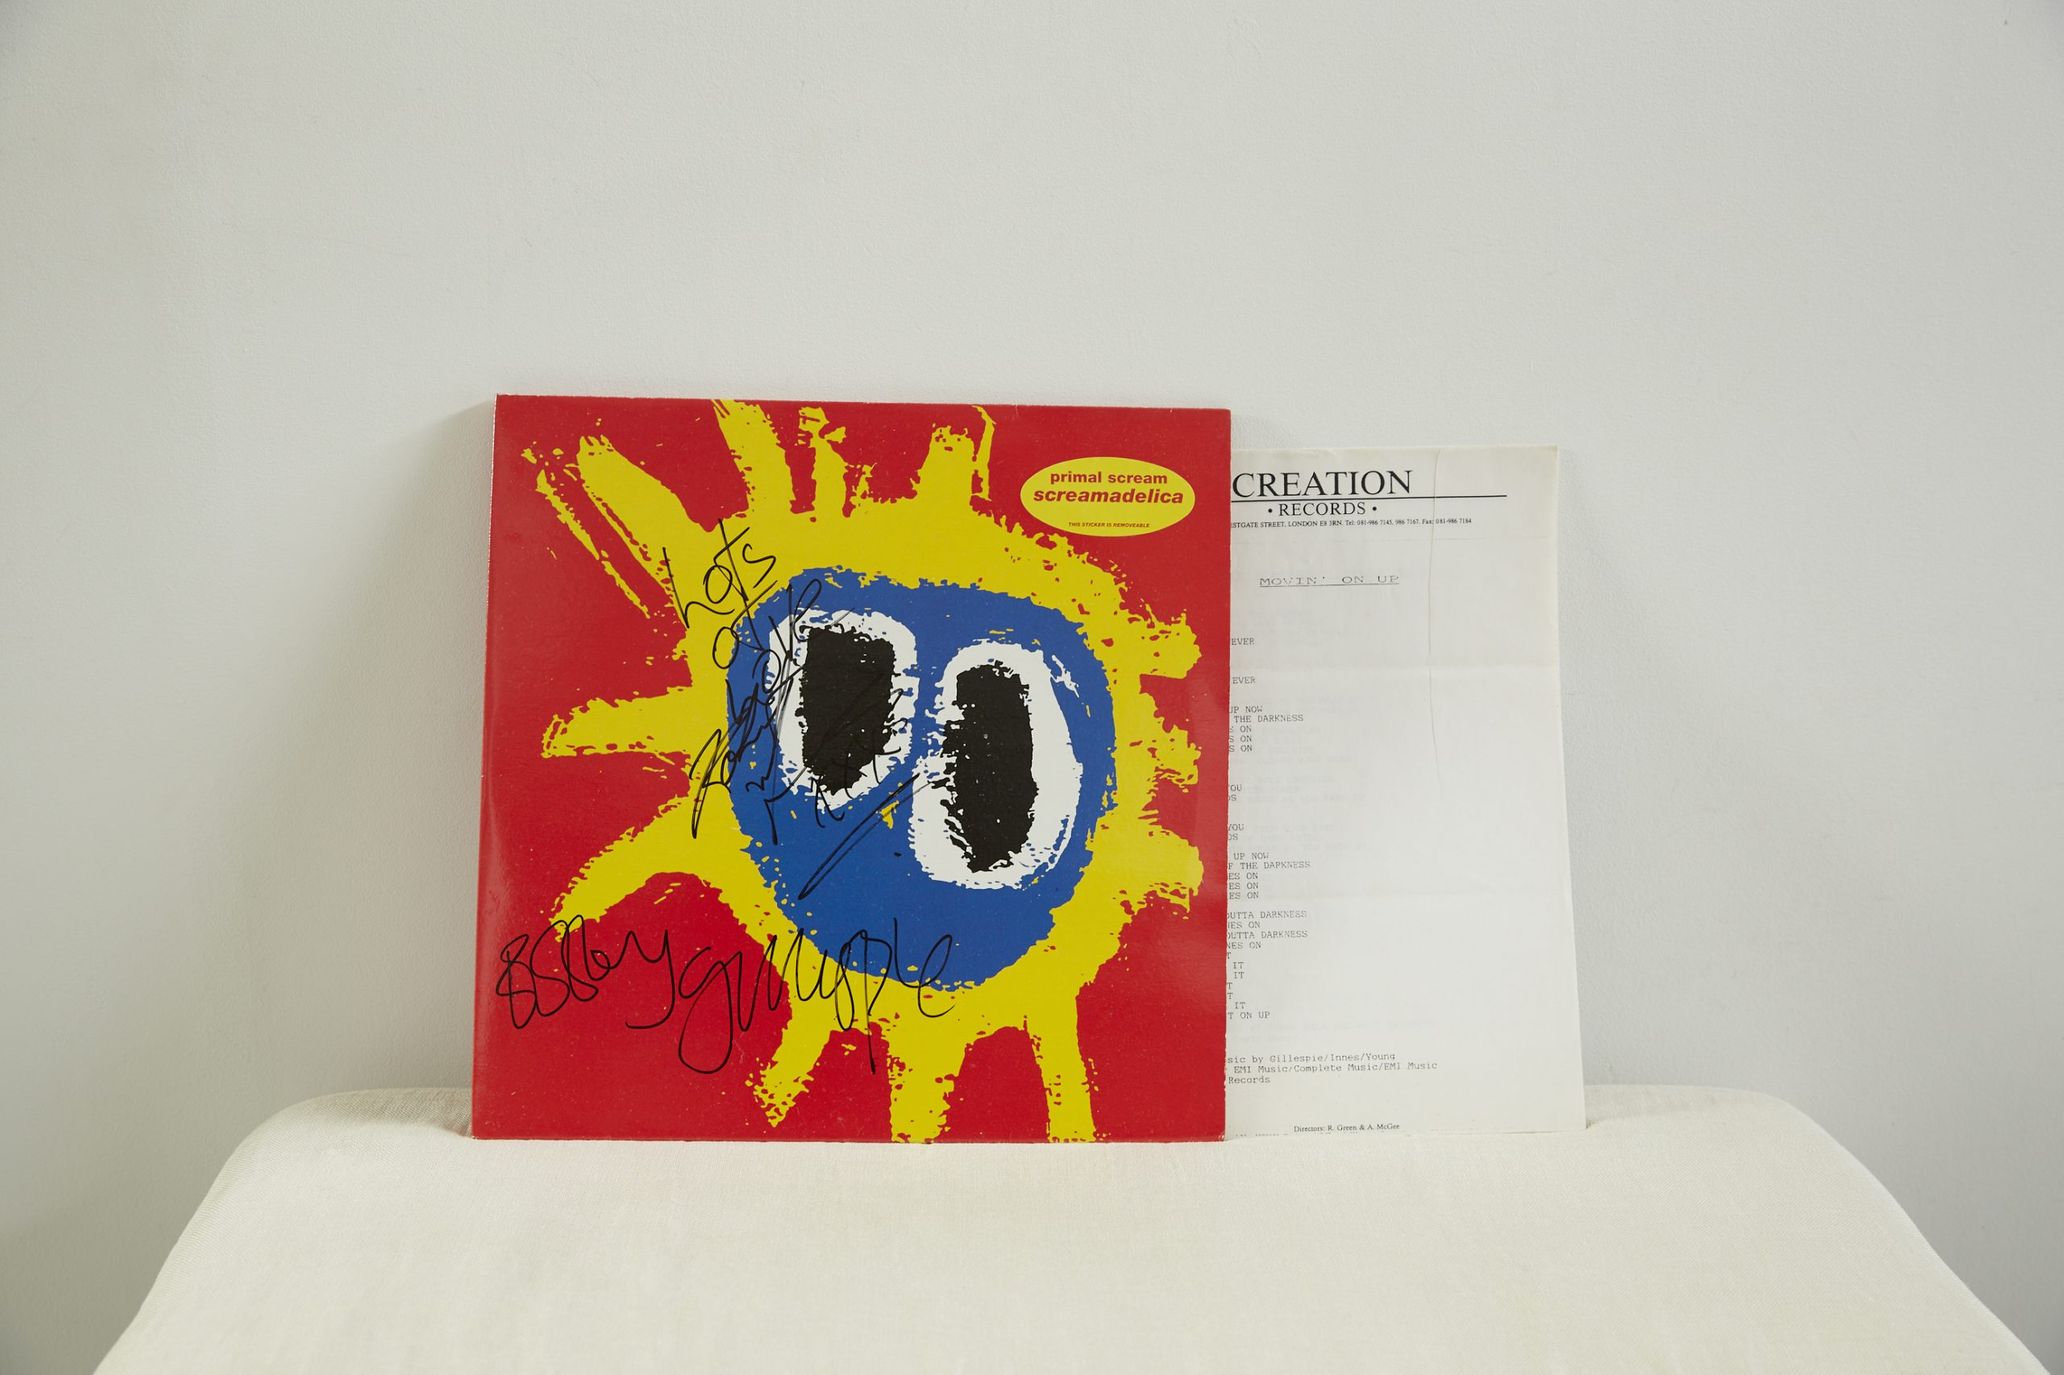 Screamadelica autographed by the members of the band, including Bobby Gillespie
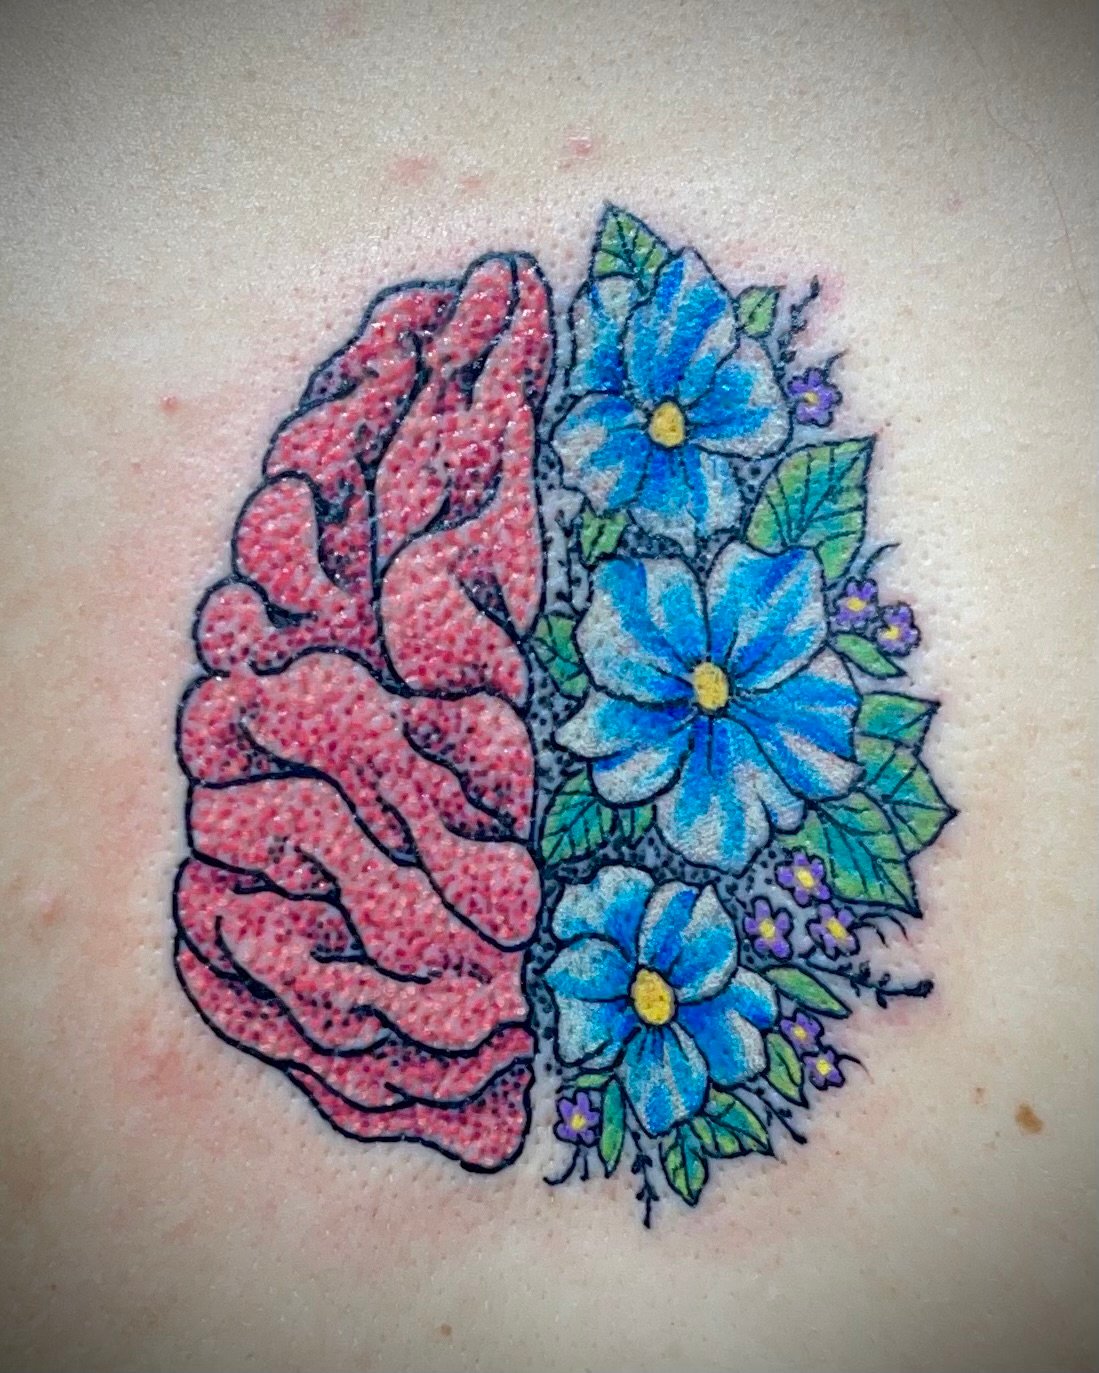 Tattoos For Women - Brain and Flowers
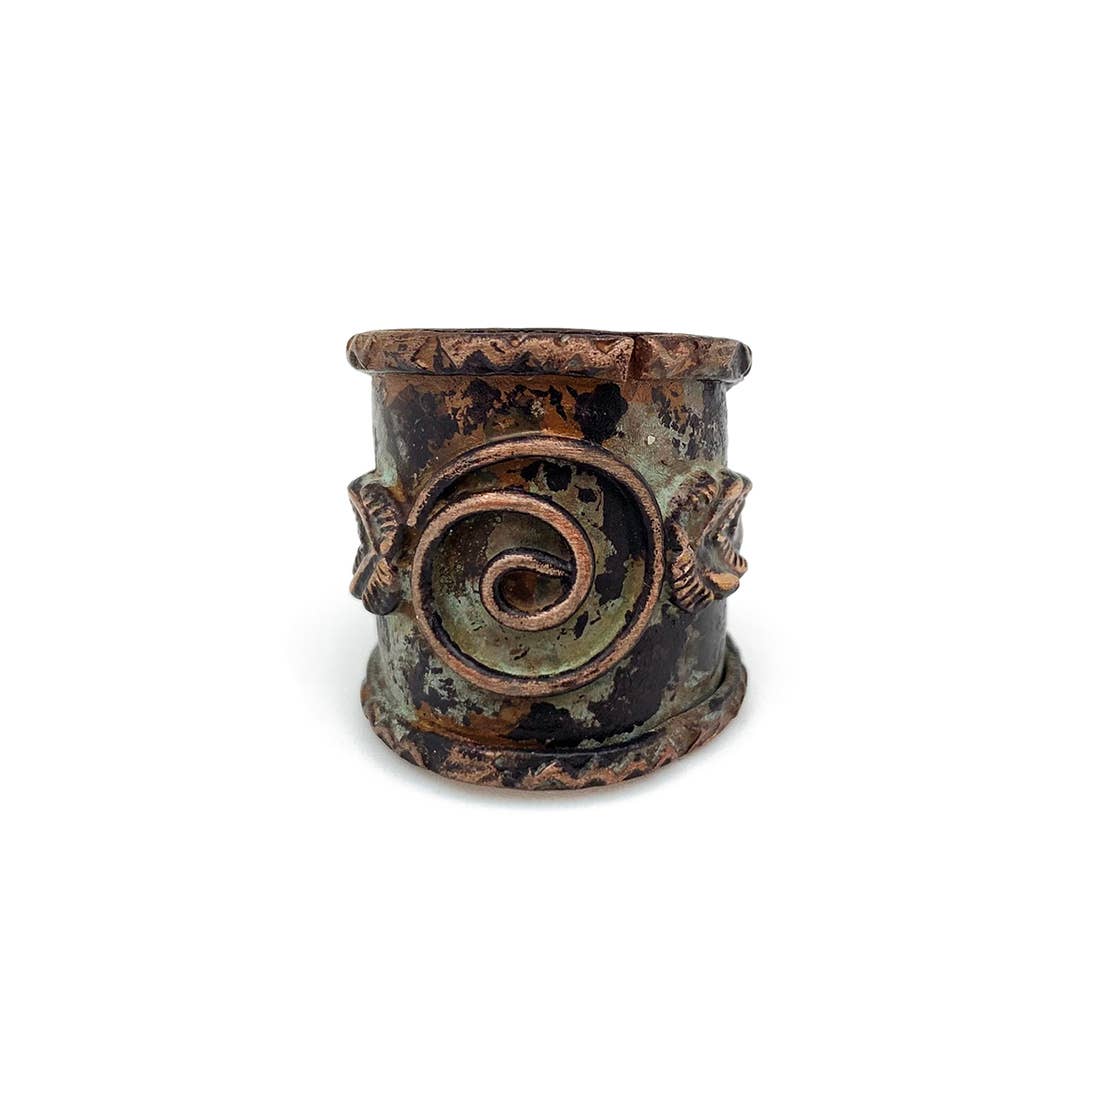 Copper Patina Ring | Turquoise Center Spiral and Leaves - Spiral Circle
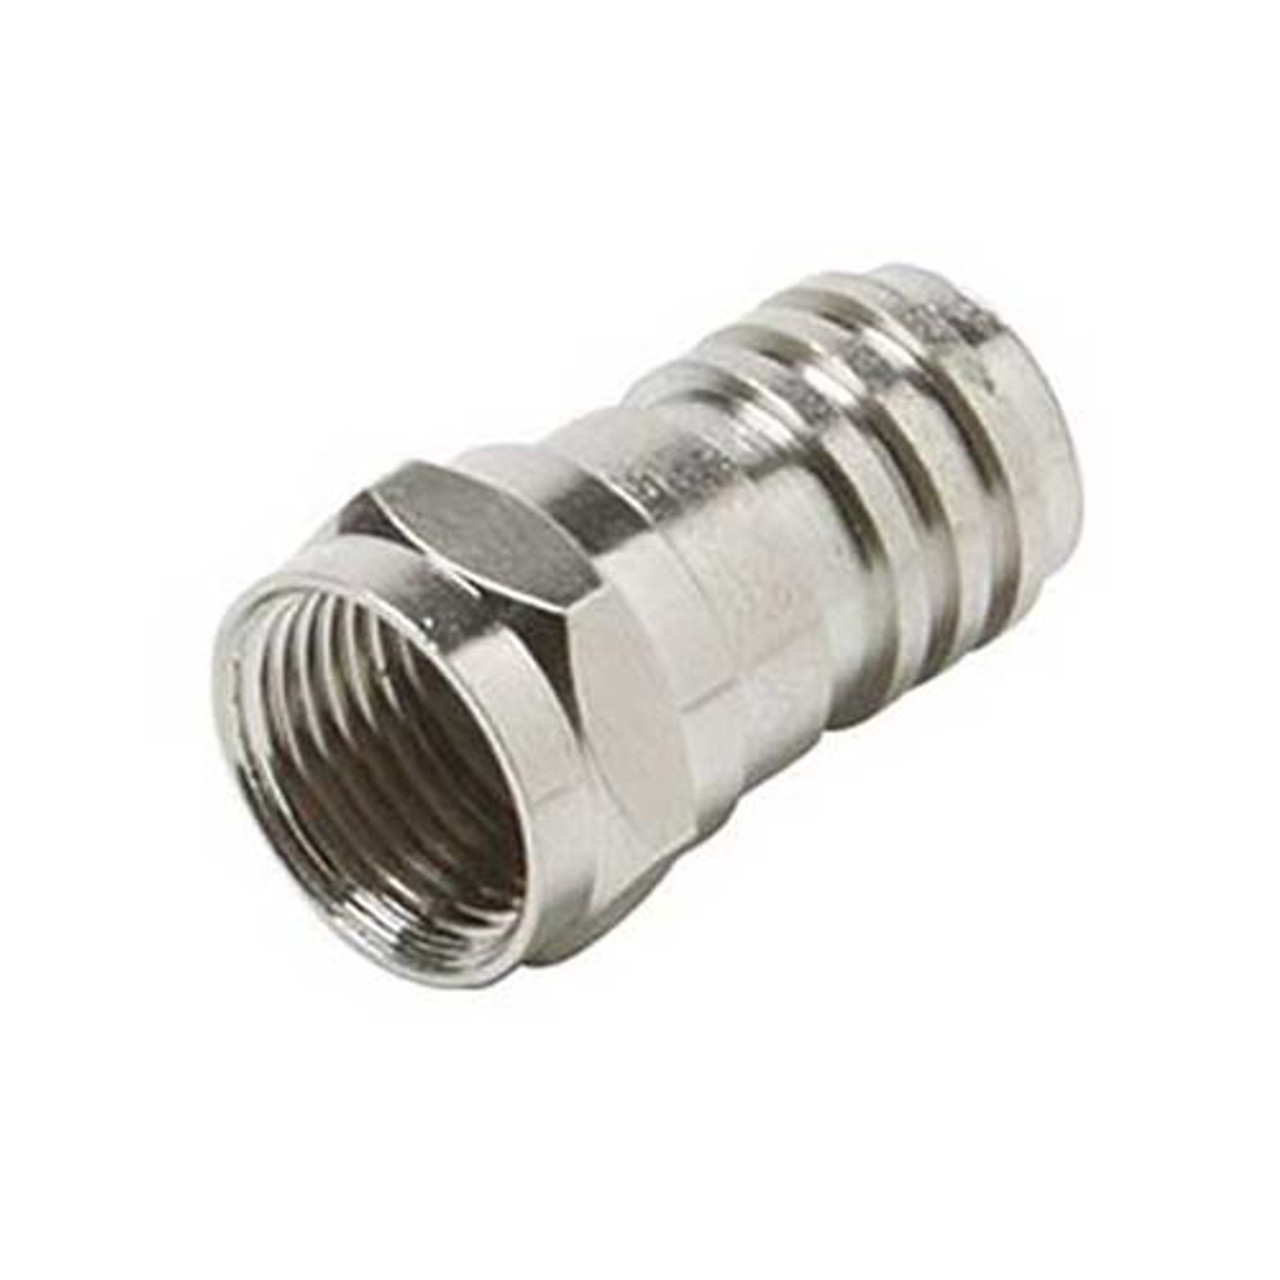 Steren 200-030-100 RG59 F Type Connector 100 Pack Coaxial Nickel Plate Crimp On Hex

#### PROBLEM TO WORK ON
Reproduce the whole listing above word for word, dropping each image.

#### TASK SOLUTION
 Screamadelica autographed by the members of the band, including Bobby Gillespie
 Tattoos For Women - Brain and Flowers
 Copper Patina Ring | Turquoise Center Spiral and Leaves - Spiral Circle
 Steren 200-030-100 RG59 F Type Connector 100 Pack Coaxial Nickel Plate Crimp On Hex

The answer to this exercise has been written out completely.